Jak to możliwe, że Skynet wysyła T800 w przeszłość, a następnie Ruch Oporu Kyla. To znaczy, że
jednak są różne ramy czasowe w tym uniwersum. Bo gdyby był tylko jeden czas to w momencie gdy
Terminator zostaje wysłany do roku 1984, ta przyszłość a dla nich teraźniejszość w tym momencie
przestałaby istnieć. To w takim razie z jakiego czasu Ruch Oporu wysyła Kyla? Nie mogę tego
ogarnąć. Jeżeliby wziąć pod uwagę fakt, że może występować jednocześnie przyszłość i przeszłość
to jaki sens byłoby wysłanie z misją cyborga, skoro to nie wpłynęłoby na ich teraźniejszość.
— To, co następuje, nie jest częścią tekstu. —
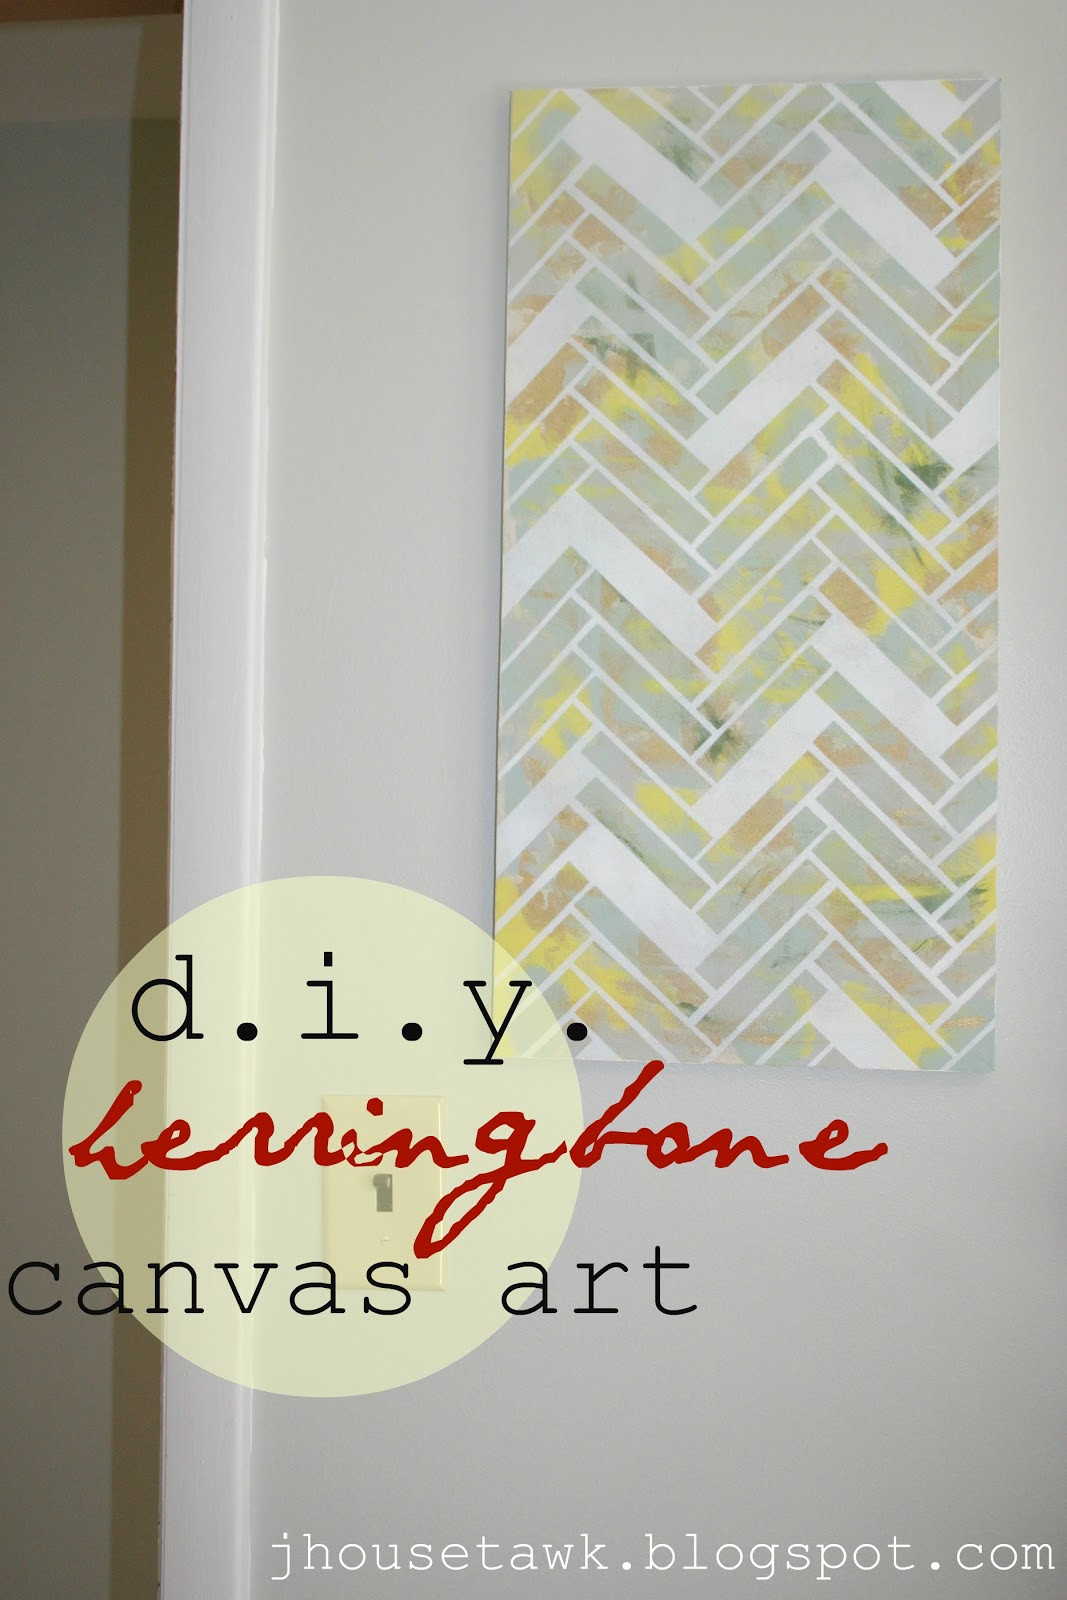 Best ideas about Canvas Art DIY
. Save or Pin J House Tawk DIY Herringbone Canvas Art Now.

Temat wałkowany 700 tysięcy razy..
Ludzie, tego nie nakręcił David Lynch, nie ma co szukać drugiego ani trzeciego dna
To się nazywa: "PARADOKS DZIADKA"
http://pl.wikipedia.org/wiki/Paradoks_dziadka
I polecam ten artykuł
http://technologie.gazeta.pl/internet/1,104530,8167216,Koniec_z_paradoksem_dziad ka___podroze_w_czasie_jednak.html
Słyszałeś o zawieszeniu niewiary? O realizmie w ramach przyjętej konwencji? Jakbyśmy się mieli czepiać detali to w ogóle sam pomysł podróży w czasie jest kretyński i nie byłoby filmu. Umawiamy się z reżyserem, że przymkniemy oko na te czy inne bzdury pod warunkiem, że zapewni nam godziwą rozrywkę.
Logiczniej czyli jak ???
Gdyby kazdy film rozkladac na czynniki pierwsze to zapewne nie doszloby do realizacji zadnego bo pewne fakty sie wykluczaja a czasem scenariusz jest nielogiczny. Ale kino to forma umownej rzeczywistosci i zwlaszcza w kinie sci fi chyba nikt nie szuka realizmu tylko raczej przygody, mieszanki akcji z thrillerem i godnego opakowania w efekty.
A poza tym rozkladanie kazdego filmu na czynniki pierwsze swiadczy o calkowitym braku wyobrazni i podchodzeniu do kazdej dziedziny w zyciu jak do matematycznego rownania. Do wyrzygania nudne to.